= Adrien Borel =

French psychiatrist and psychoanalyst

Adrien Alphonse Alcide Borel (19 March 1886, in Paris – 19 September 1966, in Beaumont-lès-Valence) was a French psychiatrist and psychoanalyst.

==Biography==
Son of Joseph Adrien Alphonse Borel, a doctor from the Ardèche and grandson of a pharmacist from Crest, he received his early education in Privas and Lyon, where he passed his baccalauréat. He studied medicine in Paris, where he became an intern in 1908 at the Sainte-Anne Hospital Center and Bichat hospitals, before obtaining his title in 1913. His medical thesis, defended in 1913, is entitled “Contribution à l'étude des réflexes dans la démence précoce” .

During the First World War I, he was seriously wounded in action in 1915, while serving as an auxiliary surgeon.
He began Psychoanalysis with René Laforgue, and later became one of the first to practice psychoanalytic treatment in France; he was also interested in the arts, especially literature. He was particularly close to the Surrealists, sharing with them an interest in the unconscious and daydreaming - he wrote Les Rêveurs éveillés (Gallimard, 1925), in collaboration with Gilbert Robin.

From the mid-1920s, he worked as a psychotherapist for a number of writers, including Michel Leiris and Georges Bataille, before ceasing to practice analysis. His meeting with Bataille was crucial, especially for the writer, and the two remained lifelong friends. It was following his analysis with Borel that Bataille wrote Story of the Eye, his first book, published anonymously in 1928 under the pseudonym Lord Auch and distributed under the cloak. During his analysis, the psychiatrist gave Bataille photographs of the Chinese torture victim Fou-Tchou Li, cut up alive into a hundred pieces (Lingchi). These images, which had, in his own words, an “infinite value of reversal” on him, were first evoked by Bataille in his essay L'Expérience intérieure (1943), and published thirty-five years later in Les Larmes d'Éros (1961).

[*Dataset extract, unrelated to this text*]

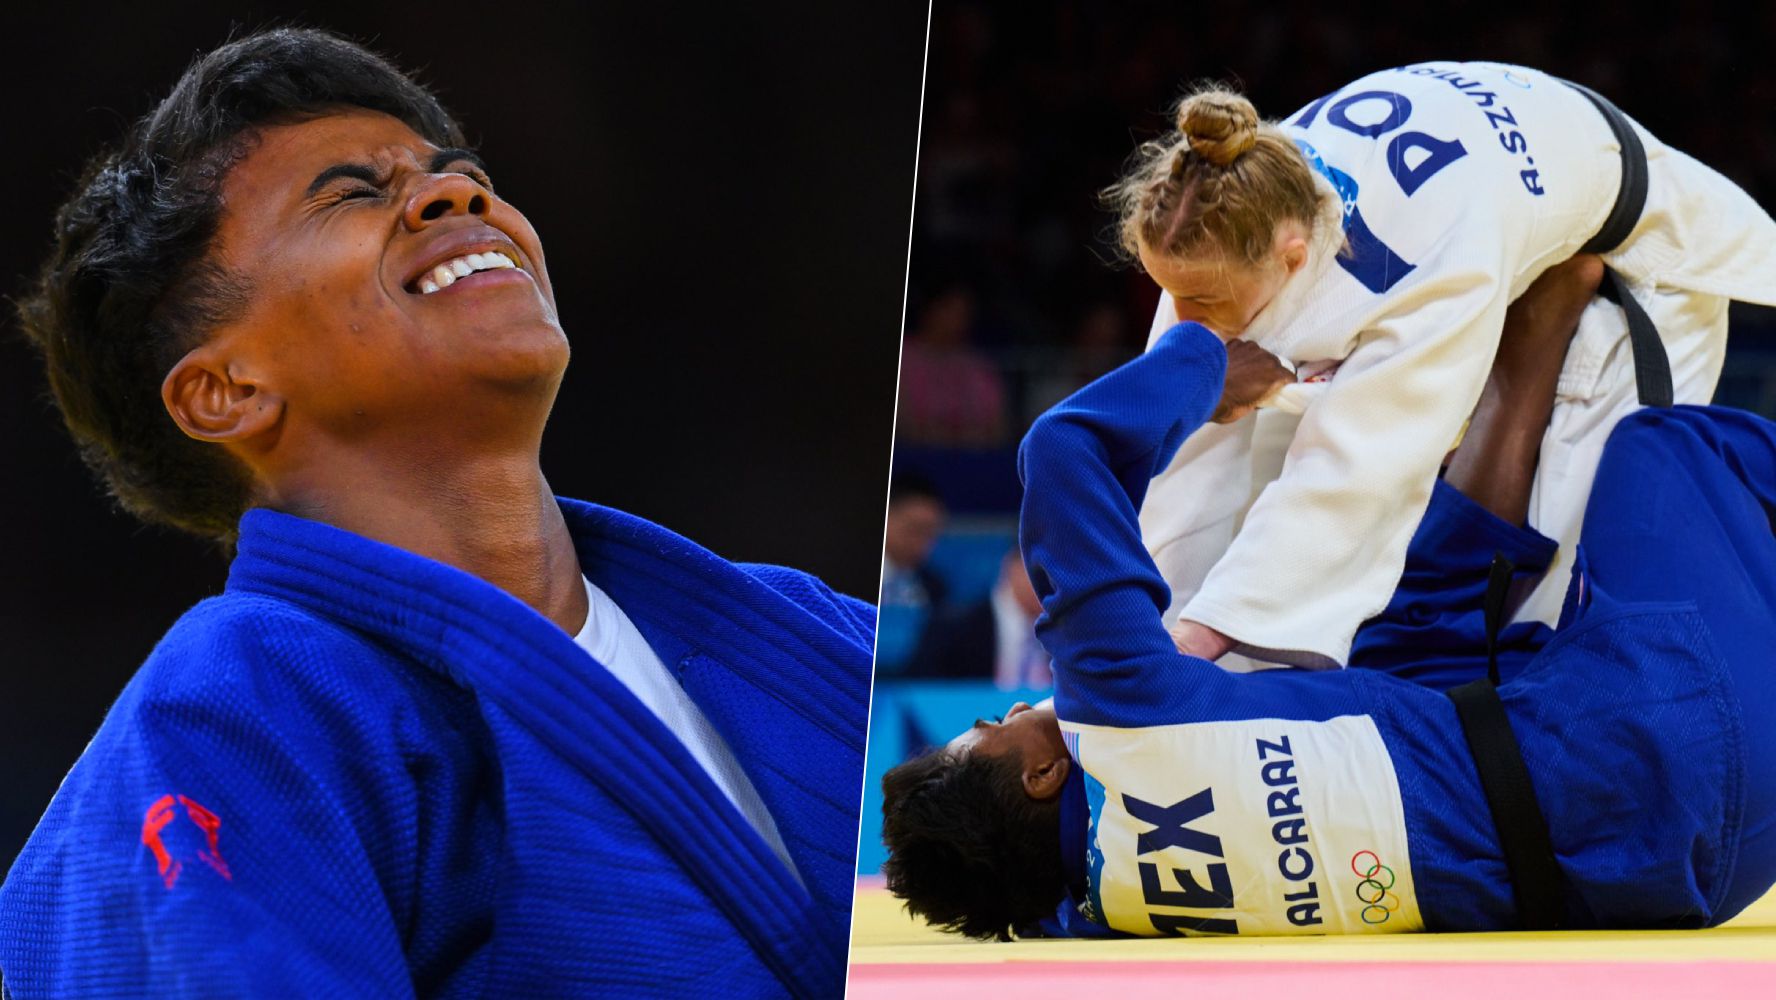 ¡Prisca Awiti va a semifinales! ¿Dónde ver la competencia de la judoka mexicana?

In 1926, Adrien Borel was a founding member of the Paris Psychoanalytic Society, which he chaired from 1932 to 1934, before resigning after the war.

In 1950, under the Pseudonym “André Guibert”, Adrien Borel played the role of the Curé de Torcy in Robert Bresson The Diary of a Country Priest, based on the novel by Georges Bernanos.

From 1949 to 1955, he worked at Hôpital Bichat with Professor Guy Laroche, head of department.

In 1957, he became president of the Société médico-psychologique, which he had joined in 1923.

A bon vivant who was close to his patients, a confidant and friend of artists, he was considered a “cultivated and humanistic psychiatrist”.